# Billie Jean light up floor



## Dminor (Jul 21, 2006)

Hey guys and gals,

Just ran across this instructable and thought you guys might find it of interest.

On a side note, if anyone here is good with wiring stuff and would like to help me out with this (the instructions are unclear to me - not really 100% on it) I'd be very grateful.

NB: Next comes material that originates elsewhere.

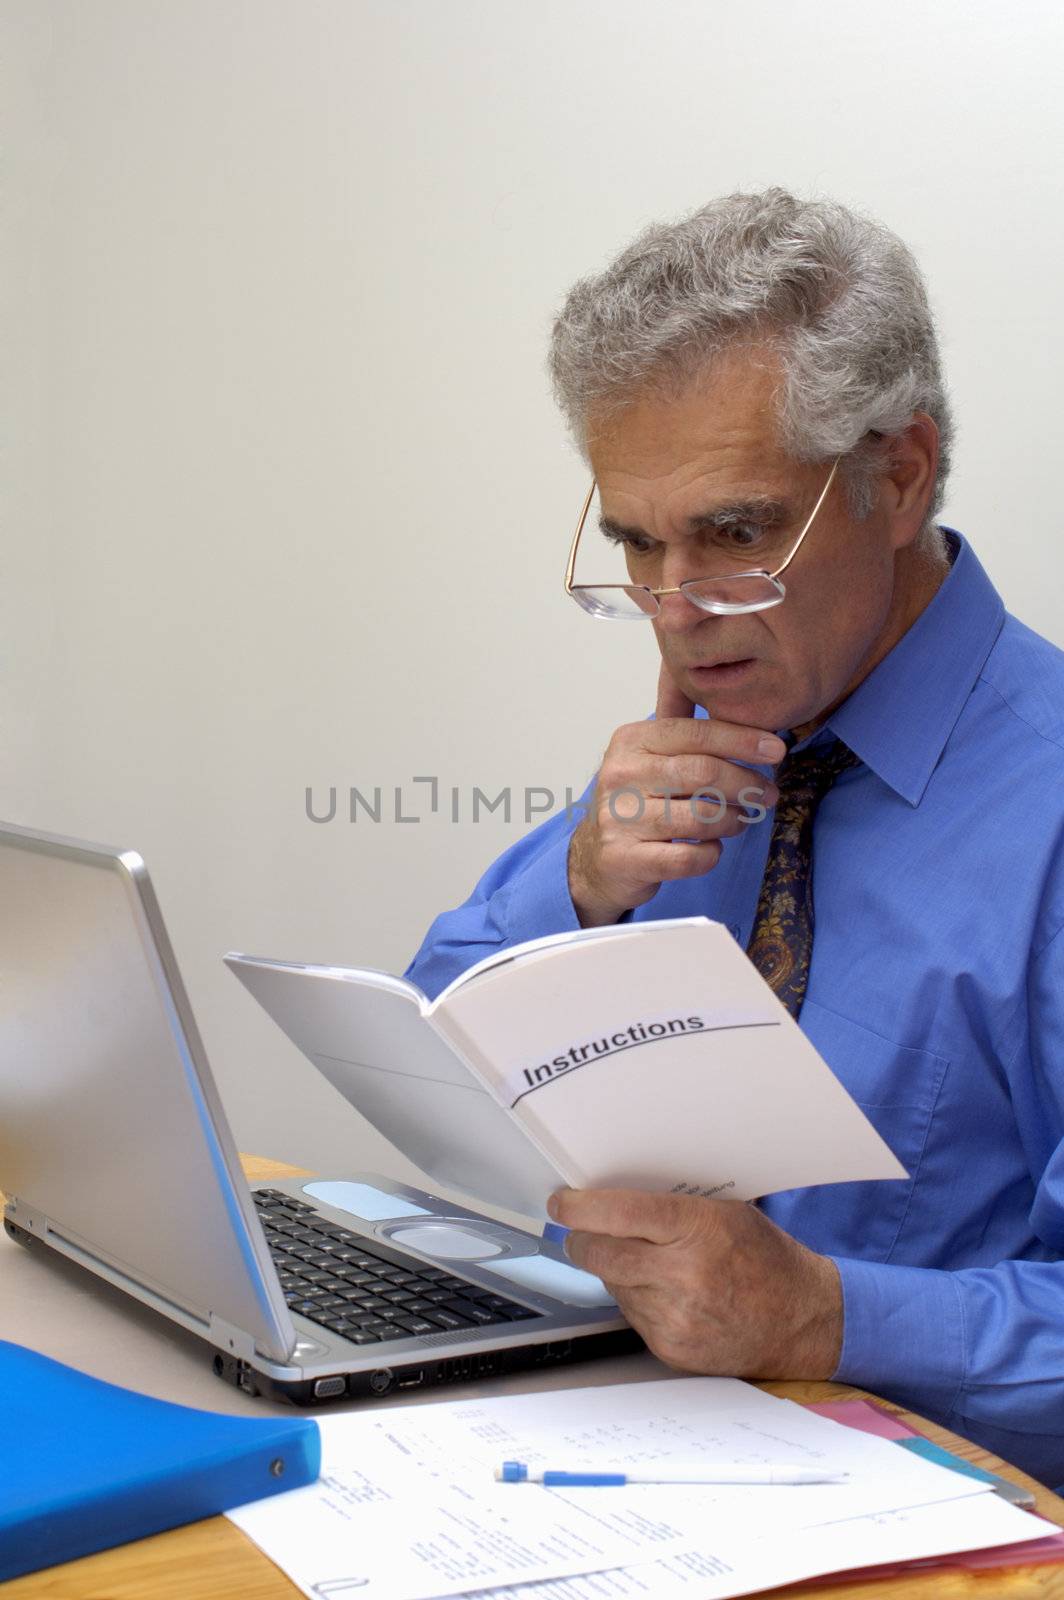 An older businessman gazes in puzzlement at the instructions for his laptop computer, with a hint of worry on his face.

Billie Jean LED light-up disco shoes

btw, if you can help, I'd need help ASAP, I'm trying to have them complete by the end of March for a party in April.


----------



## soundmankkc (Sep 19, 2009)

Dminor, I would be happy to give you any assistance I can. The LED's are wired in parallel which means the wire leaves the positive terminal of the battery box, travels through the normally open contact on the micro switch and then goes from one positive lead on the leds to the next and so on till the end of the chain. The negative lead just goes from the battery box to the first negative side pin on the the first LED and then to the next negative pin etc. As you step down with one of the boxes the micro switch closes and lights the LEDs. The only thing (and I might have missed it) is that there is no mention of a current limiting resistor. I would place a 225 ohm 1/4 watt resistor between the micro switch and the first LED positive pin.. Hope that helps. PM me if I can explain further, Keith


----------



## Dminor (Jul 21, 2006)

Thanks a lot Keith, I think I have a much better understanding now, thanks to you. Lets see how this goes!


----------



## soundmankkc (Sep 19, 2009)

My pleasure, Keith


----------



## FrankyM (Mar 28, 2010)

*Maybe Try EL Wire*

Hi, I noticed you wanted to do the platforms with LED Lights, but you might want to try doing EL Wire, or EL Panels. Electroluminescent wire might be an easier way to go, plus, you can get a them with touch panels. I have seen a number of different options, but just wanted to pass that thought in case you haven't thought of it yet.


----------